British electronic musician Tom Jenkinson, better known as Squarepusher, was approached by a group of Japanese roboticists last year with a pitch he calls "the ultimate 12-year-old-boy fantasy." The team explained that they had constructed a band of mechanical musicians with superhuman abilities: a dreadlocked bot with 78 fingers that could play two guitars at once, an octopus-like drummer with 22 arms, a laser-shooting keyboard player. They were called the Z-Machines. All they needed were songs.

Jenkinson wrote a piece for the band called "Sad Robot Goes Funny." When that turned out well, he and the roboticists decided to make a whole EP together. In approaching the project, Jenkinson says, one question never left his mind.

"Can this music be emotionally commanding?" he says. "Of course, everyone's gonna have different answers. But even if one person says yes, that tells me something. The world of music performance is seen as sovereign human territory, and if a robot can encroach on it and generate a performance that people find compelling, I think that is a historical event."

Jenkinson spoke with NPR's Kelly McEvers about making the new EP out this Tuesday, Music For Robots, and the value of music that challenges the nature of performance. Hear their conversation at the audio link, and read more below.

As an electronic artist, you've been using machines to make music for a long time. How is this different than what you've done before?

On the face of it, you've got this selection of instruments which are all very familiar. You know, the moment you hear a note struck on an electric guitar, there are so many references which come to mind. But when you hear a note struck on the electric guitar by a robot, for me it takes that very familiar sound and puts it in a different musical space. And that, for me, is very exciting.

You're kind of doing something for the first time. A robot's guitar riff is something nobody's ever really heard before.

But on the other hand, you've got this familiar palette. I guess a lot of people will hear the record and go, "Oh yeah — that's a guitar." Maybe it's not so radical. But it puts me in a mind to think: Is this in a twilight zone between music made in the digital realm, purely with computers, and music generated by human hand? For me, it's a fascinating world that's somewhere in between the two.

Did you take the robots into the studio?

It was a collaboration with a roboticist. I didn't actually go to Japan at all. The whole thing was done via the Internet; I was sending him bits of data, and then he would send me back recordings so I could work out how particular things sounded. But part of the point of these recordings is that I've done nothing to alter the performances of these machines.What I've tried to do on this record is represent, as honestly as possible, what a robot gig would be like — simply a little compression here and there, and a bit of reverb, just to give it space. But it's pretty much as you'd hear it if you went to see them play.

There's this pretty complicated guitar solo in the song "Dissolver," and it's kind of weird knowing that it's a machine doing it and not a person; I just felt like something was missing. Am I being lame and old-fashioned?

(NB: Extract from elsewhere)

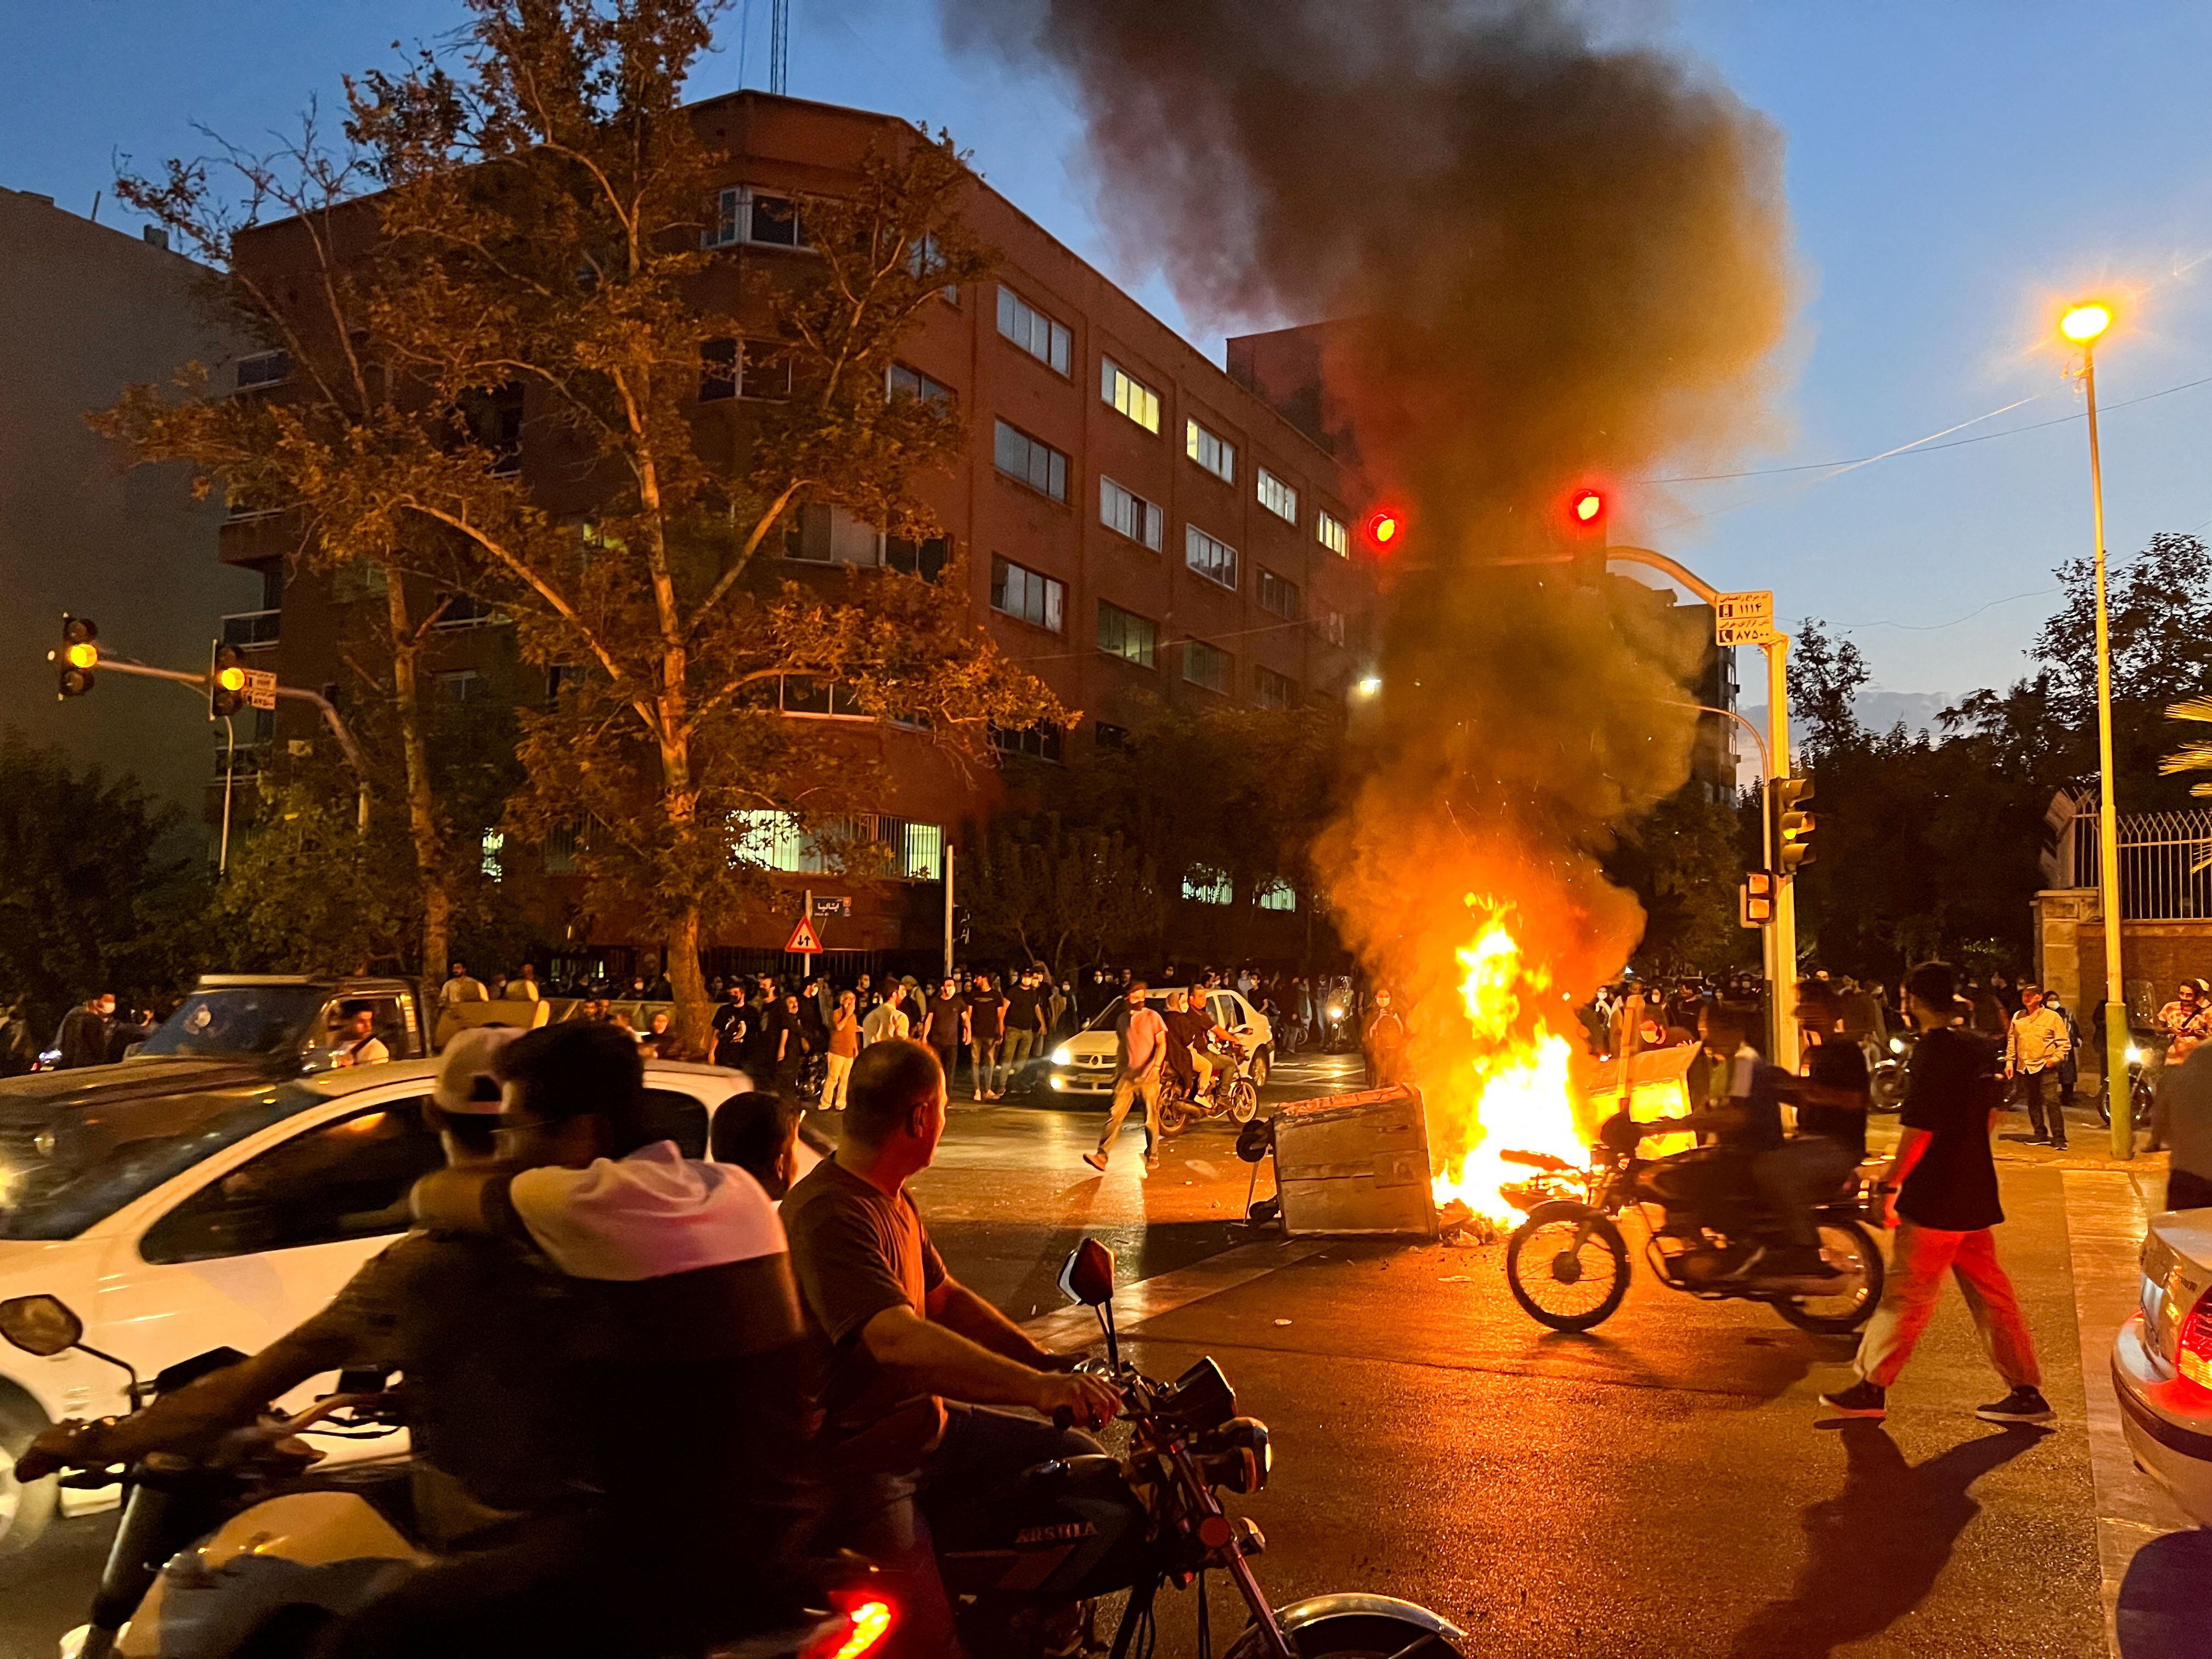 Una motocicleta de la policía arde durante una protesta por la muerte de Mahsa Amini, en Teherán, el 19 de septiembre de 2022 (West Asia News Agency via REUTERS)

(Laughing) No — I mean, people want to hear human beings in music. I quite like the idea that this music is bringing those questions to the table. You might listen to it and go, "Wow, that's an amazing guitar solo." If someone tells you it's a robot, do you change your opinion? Then that tells you something about the way you think about music — that it's actually not just the notes, but it's the context.

As a musician, what is it like to see a robot with 78 fingers play the guitar? Is it intimidating at all?

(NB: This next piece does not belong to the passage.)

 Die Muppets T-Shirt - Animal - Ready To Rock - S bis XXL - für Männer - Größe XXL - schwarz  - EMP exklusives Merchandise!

Not really. I mean, it's like a runner comparing himself to racing cars; it's a quite different thing. A record I made in 1997, Hard Normal Daddy, for example: All the drums are programmed, and yet drummers respond do it. That music that was programmed can have an effect on people, if anything, is inspiring. You think, "OK, I can adapt some of those ideas for what I do."

I have to ask: Is this a novelty, something that's interesting for you right now? Or do you think there's a legitimate future for music like this?

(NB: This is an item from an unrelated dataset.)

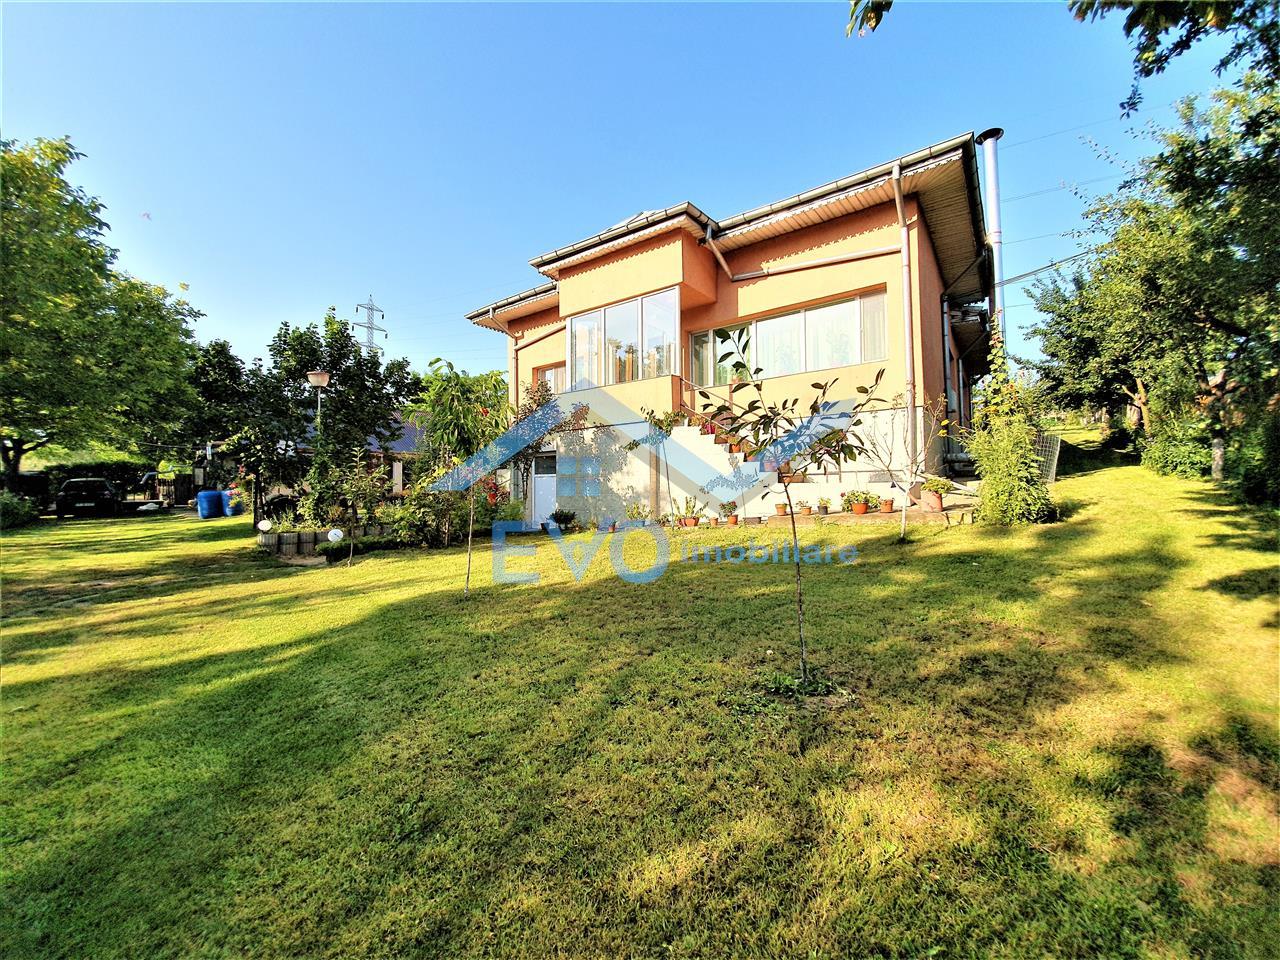 metal Posterity Smooth Vanzare Casa individuala + una de oaspeti, 3146 mp teren, zona Carlig - ID  582

In the early days of electronic music, people were asking exactly the same question: Is this novelty? [People said,] "This is just some kind of cheesy experiment, but we don't have to really take any notice of it, because it's not going to go anywhere." In the particular case of robots, I'd say it's budgetary constraints, as much as anything, which prevent these things from happening.

For me, nothing is novelty in music. There's so much to be learned in the smallest kinds of musical endeavors. This is kind of like a music box with attitude, if you like — but I think it's a wonderful thing.

So you've done electronic music. You've worked with robots. What's next?

The thing is, I've got this fascination with using machines, but equally fascinating to me is playing music myself: I play guitar, bass, drums. I'm inspired by seeing what these robots do; I want to go back and have another look at my bass playing. Seeing these things deal with musical information, I want to see what I can do with it myself.